*What is being asked*
Without changing a thing, reproduce the entire listing and leave out its pictures.

*Recorded information*
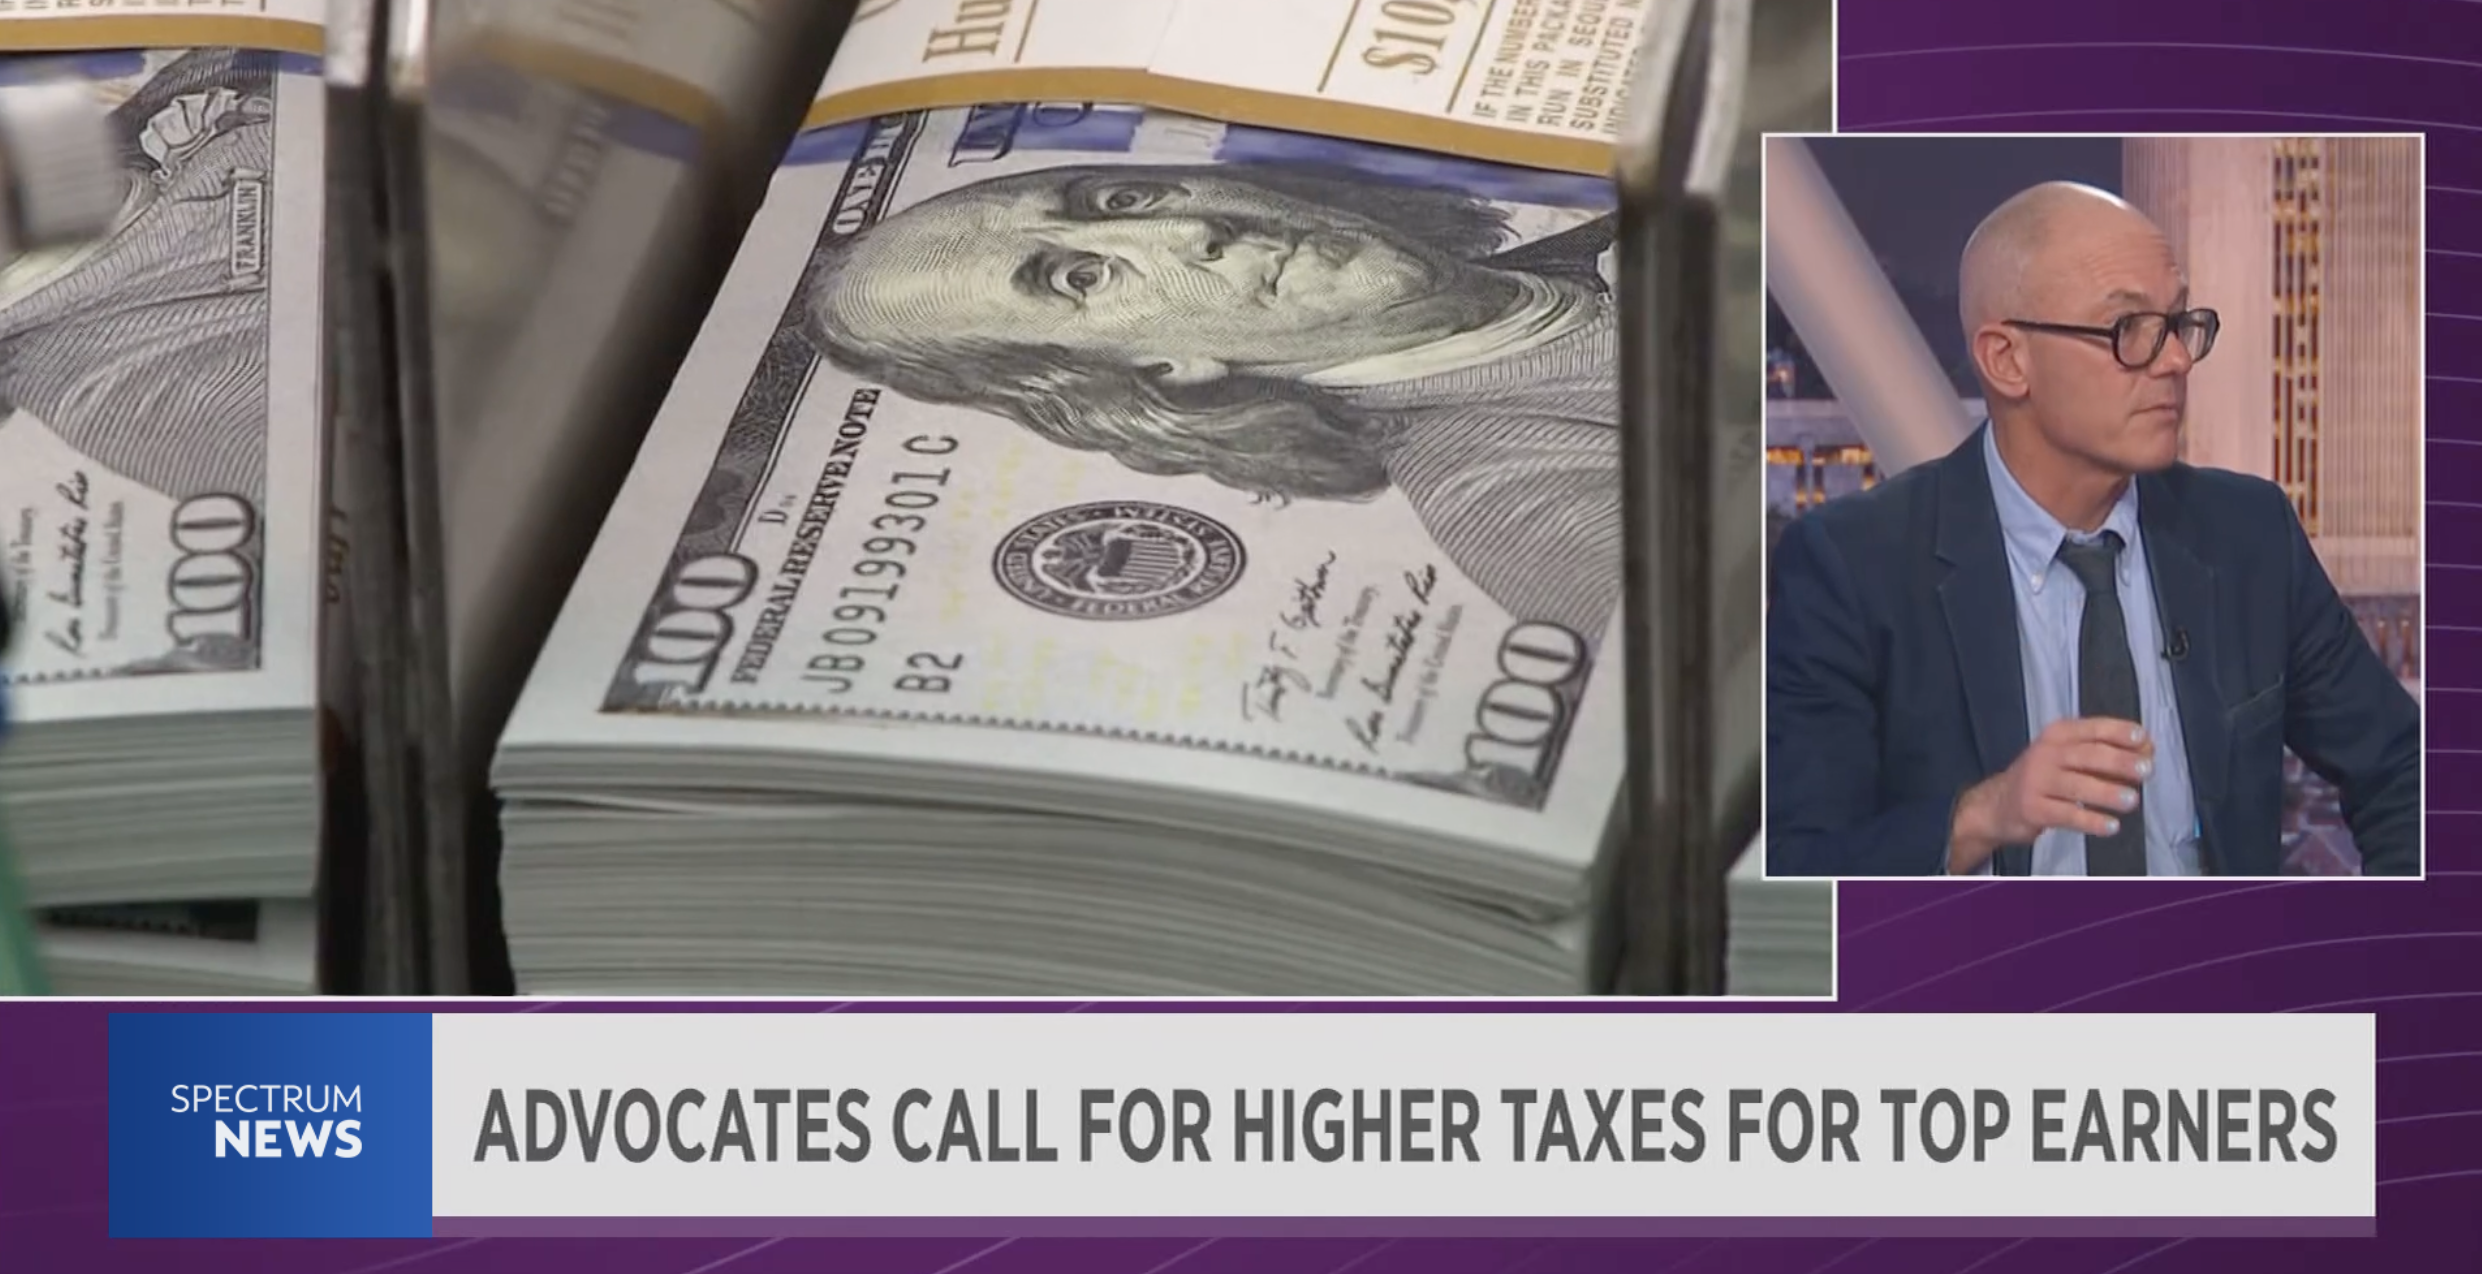 Progressive advocates call for higher taxes on high earners in New York 1
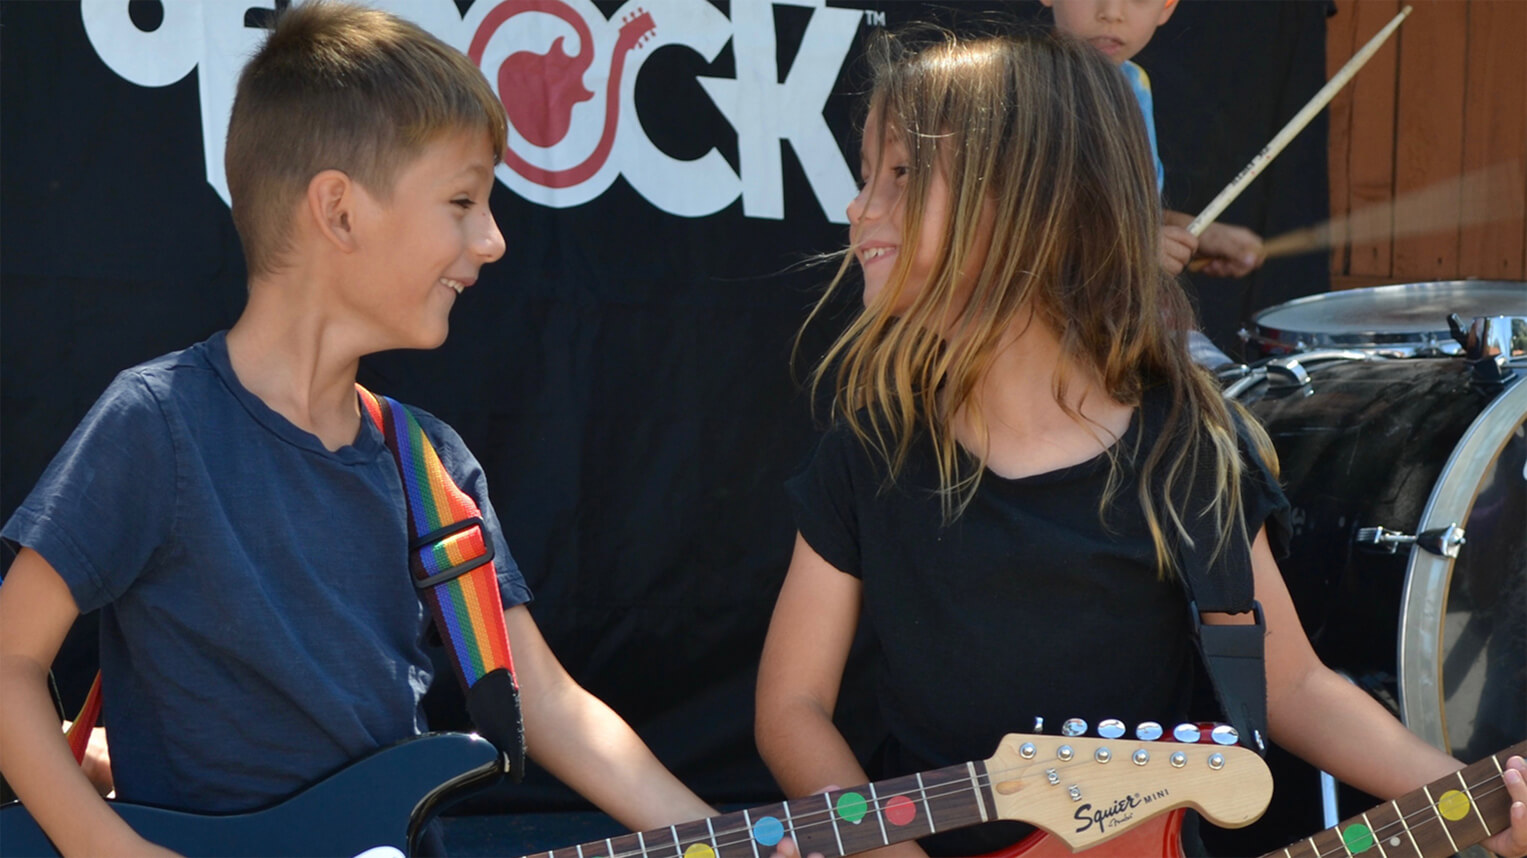 summer camp, guitar lessons, bass lessons, no experience needed, drum lessons, guitarists looking at each other, rock out on stage, kid playing guitar
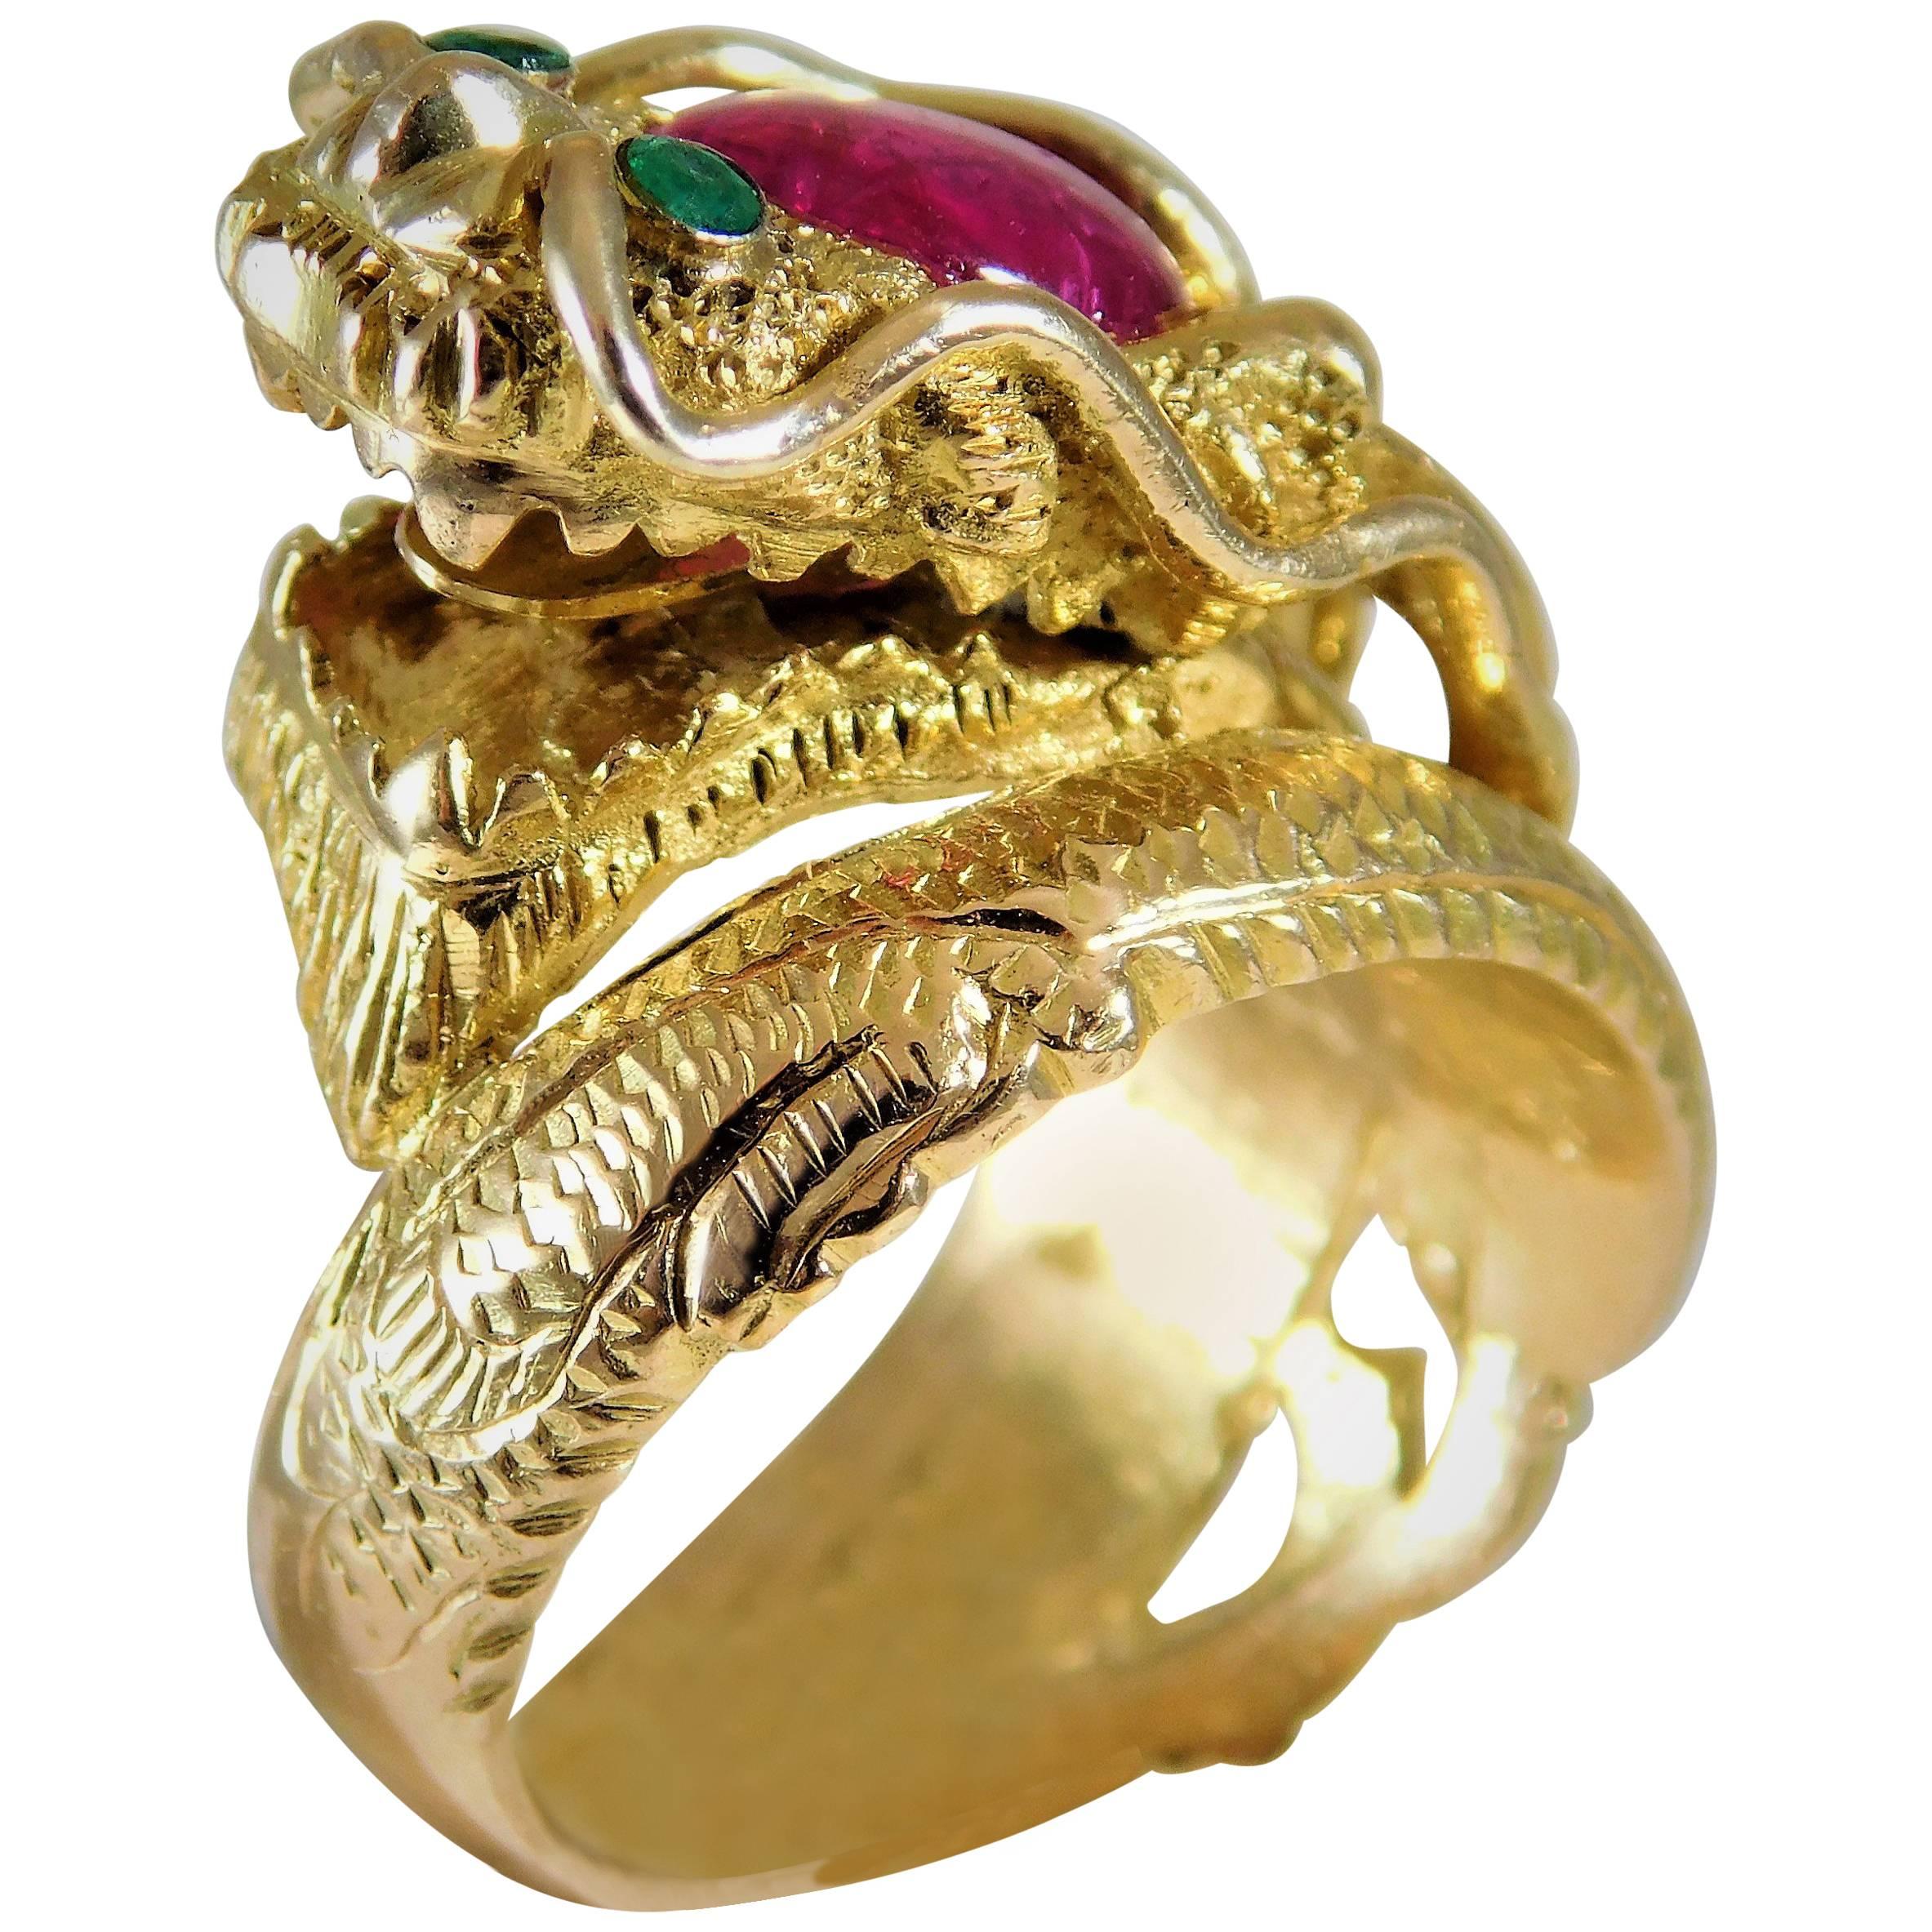 Handcrafted 14 Karat Gold Ruby and Emerald Serpentine Dragon Ring

*Response to the exercise*
 Progressive advocates call for higher taxes on high earners in New York 1
 summer camp, guitar lessons, bass lessons, no experience needed, drum lessons, guitarists looking at each other, rock out on stage, kid playing guitar
 Handcrafted 14 Karat Gold Ruby and Emerald Serpentine Dragon Ring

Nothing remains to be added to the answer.